== Task item ==
Every line below must be reproduced exactly; no pictures are to be included.

== Data provided ==
####################
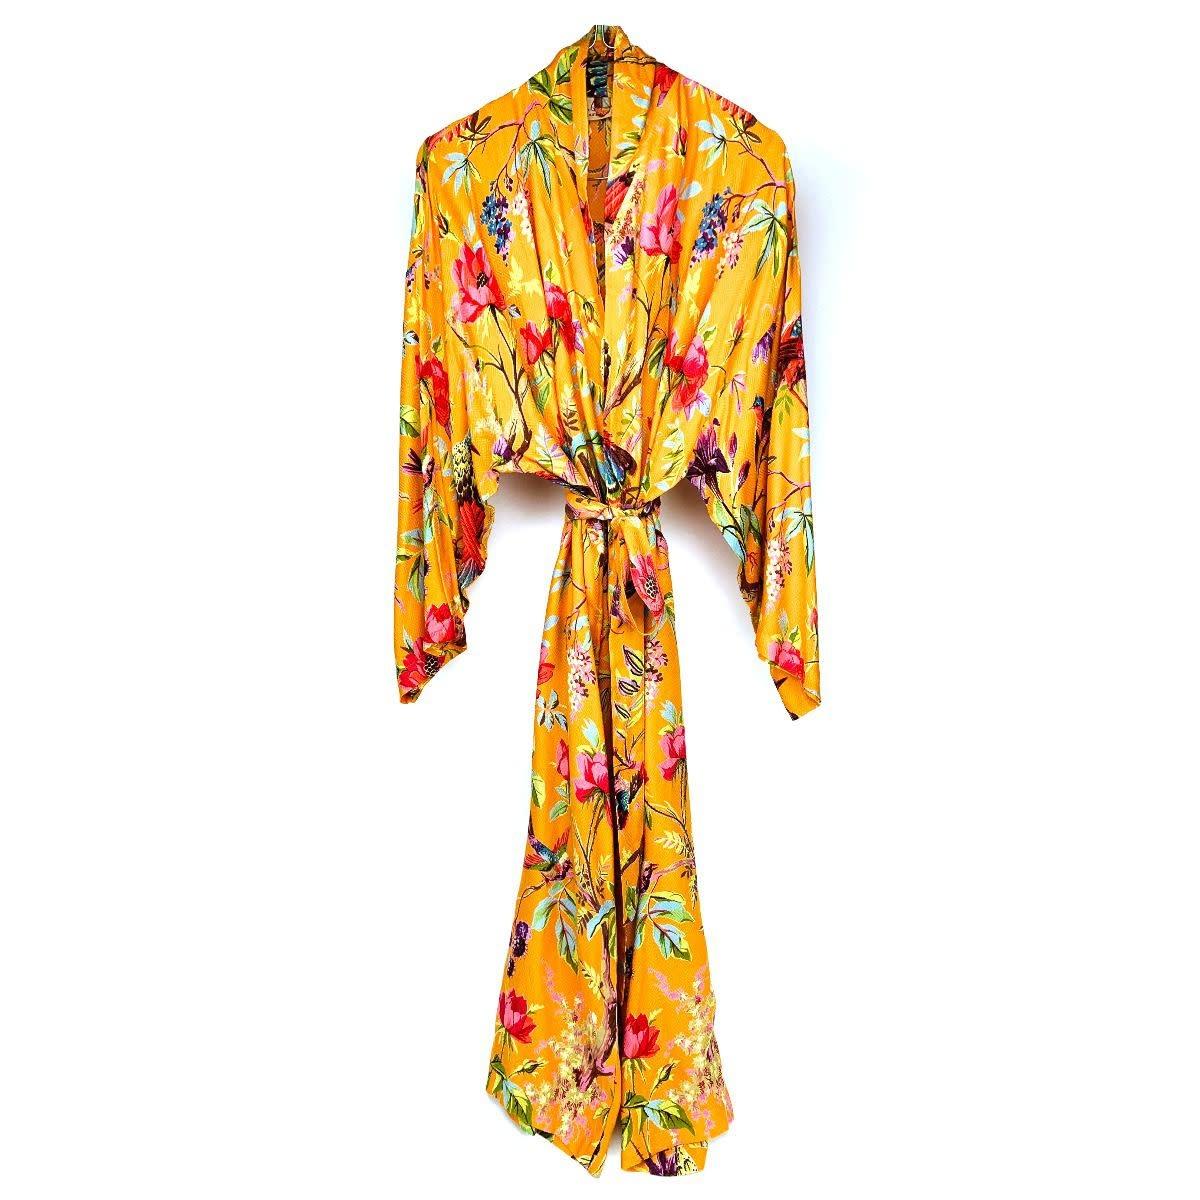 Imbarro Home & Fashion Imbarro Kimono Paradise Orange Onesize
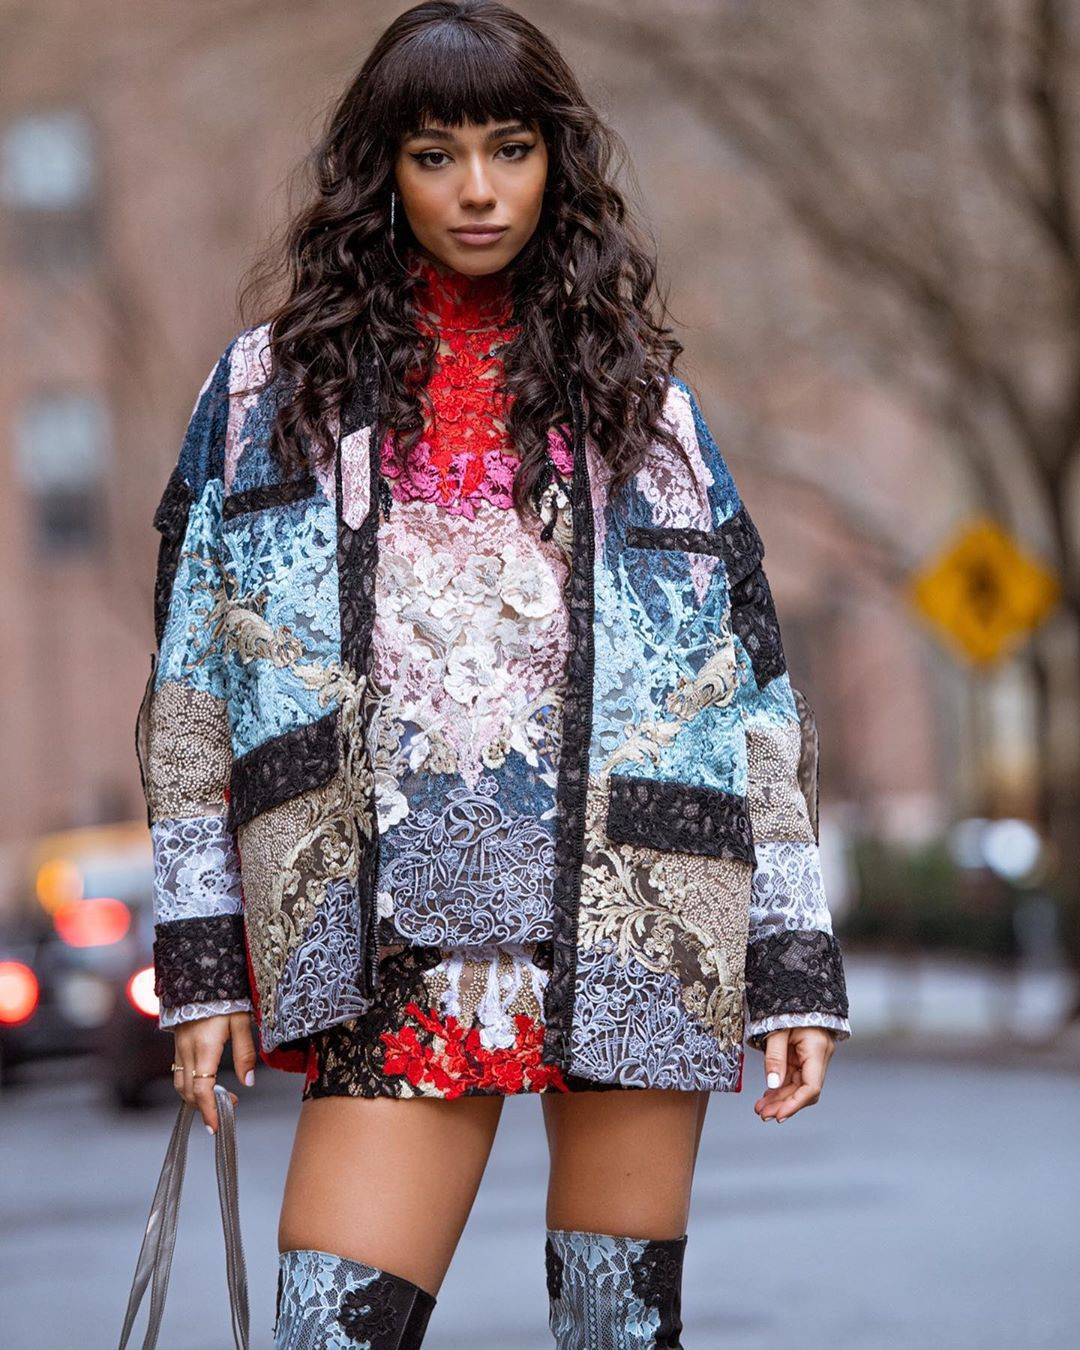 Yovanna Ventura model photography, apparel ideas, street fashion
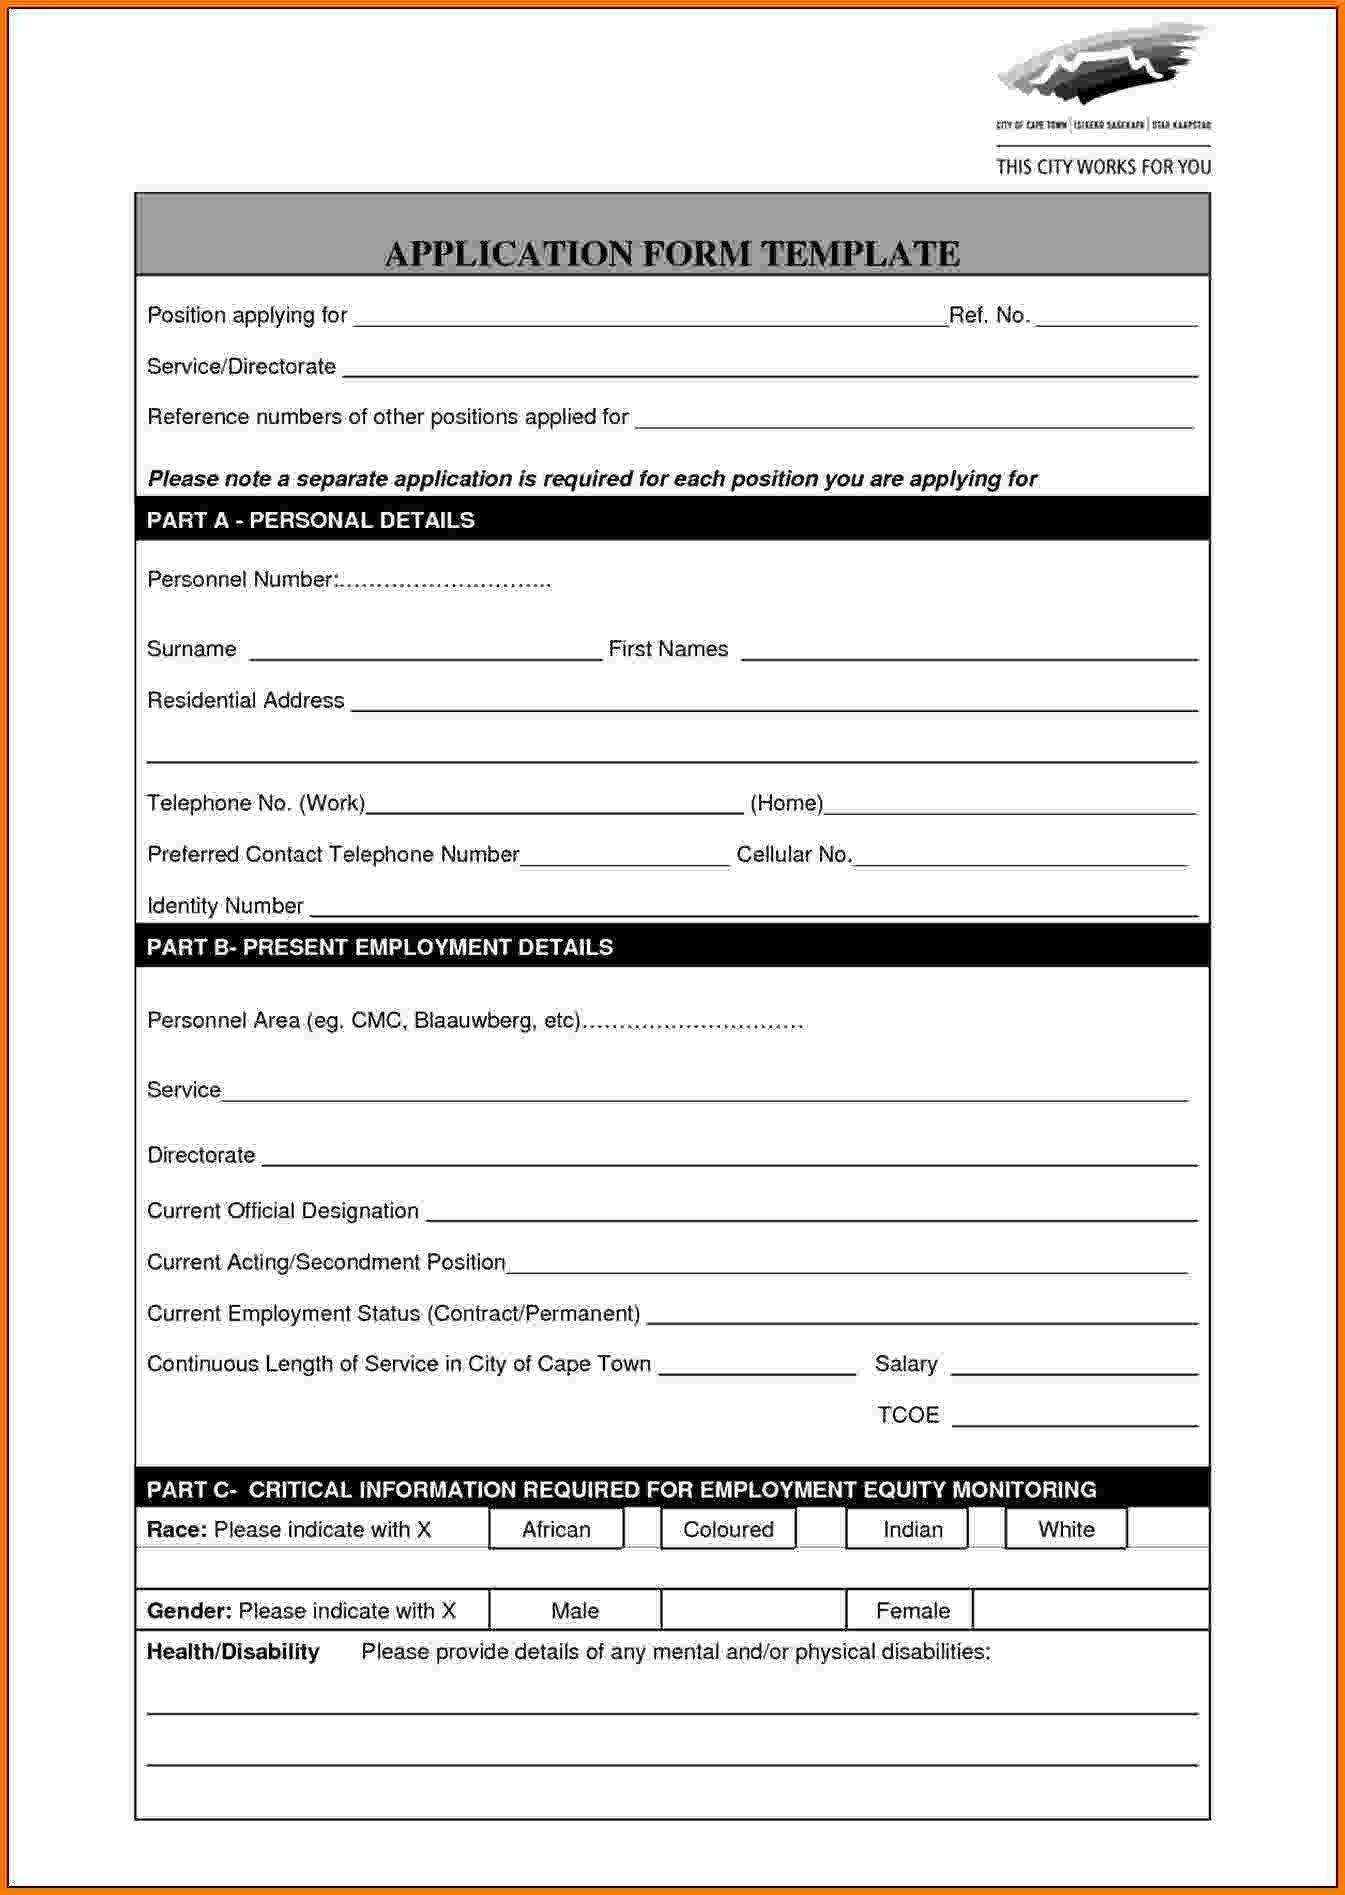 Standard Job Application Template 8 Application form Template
####################
== Your response ==
 Imbarro Home & Fashion Imbarro Kimono Paradise Orange Onesize
 Yovanna Ventura model photography, apparel ideas, street fashion
 Standard Job Application Template 8 Application form Template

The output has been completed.